Because Lapland is located almost wholly within the Arctic Circle, the weather is pretty cool year round. As opposed to southern Finland, which is where you will find the capital of Helsinki, the northern Lapland region is never toasty. Though cooler, however, Lapland Finland is not devoid of mosquitos. In fact, come summertime here, the Lapland mosquitos are out in force. If you don’t arm yourself with some bug spray while enjoying the outdoors here in the summer, you are likely to become a mosquito buffet. For this reason, those looking to do some Finnish hiking up in the northern reaches might be better off visiting in the spring or fall. Besides fishing on Lake Inari during the spring, summer, or fall, visitors can also go canoeing. The aforementioned resort of Saariselka is a good place to rent canoes for Lake Inari. All in all, wildlife viewing, canoeing, fishing, and hiking are the top things to do in Lapland during the warmer months.
Due to the fact that German troops burned and laid to waste much of this northern region at the close of World War II, there aren’t many historical attractions to see on Lapland holidays. It’s mostly about the great outdoors here, and great they are indeed.
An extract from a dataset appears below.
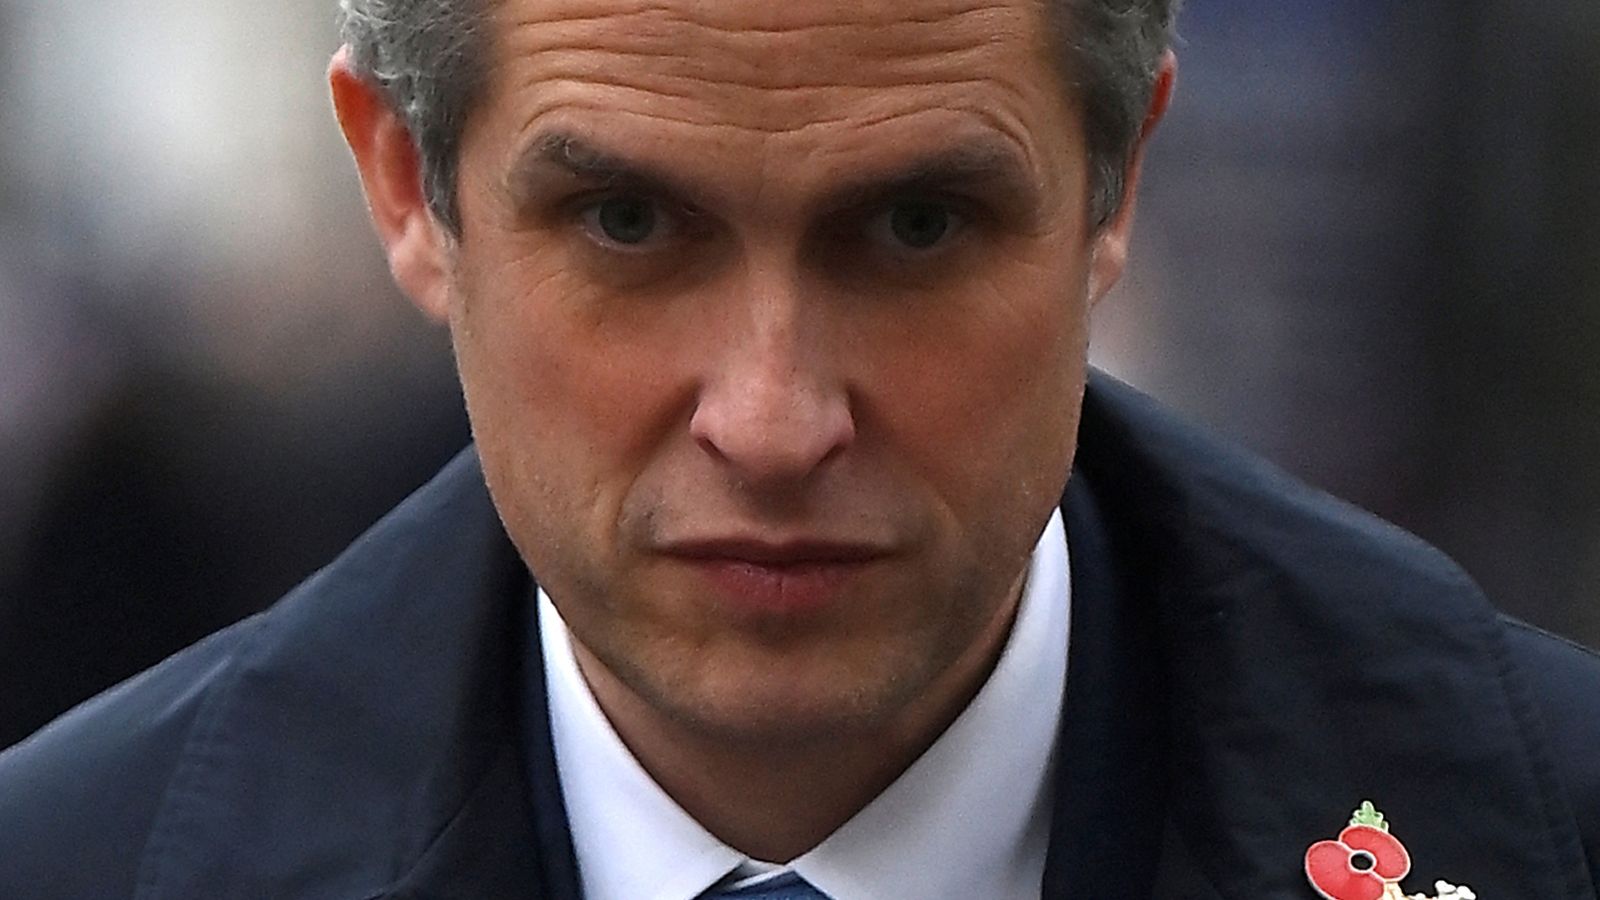 Ex-cabinet minister Sir Gavin Williamson told to apologise to MPs for bullying former chief whip

You will get a true appreciation for life on a different scale when you engage in Lapland travel, and the experience is sure to open up your eyes and make you reflect on where you come from and how that has helped to shape who you are. It’s a magnificent place that is considered by many to be the last real wilderness on the European continent.
The best way to travel to Lapland is by plane. Charter flights, which are specially-arranged flights that don’t adhere to the major airline schedules, can be booked in many European cities, and there are various small airports in Lapland, including those in Rovaniemi and Ivalo. These charter flights are somewhat limited, however, so many visitors fly to Helsinki, then catch a plane for Rovaniemi. Trains and buses from Helsinki, Tampere, and other major Finnish cities can get you to Lapland as well, but these trips are pretty long, sometimes lasting sixteen hours or more depending on your ultimate destination. One of the best ways to arrange your travel to Lapland is to book a Finland vacation package that includes time spent in the region. However you choose to travel, it is recommended that you spend at least a little time in Lapland during your Finland holiday. There are plenty of good Lapland hotels to choose from, so finding a place to stay will be among the least of your worries.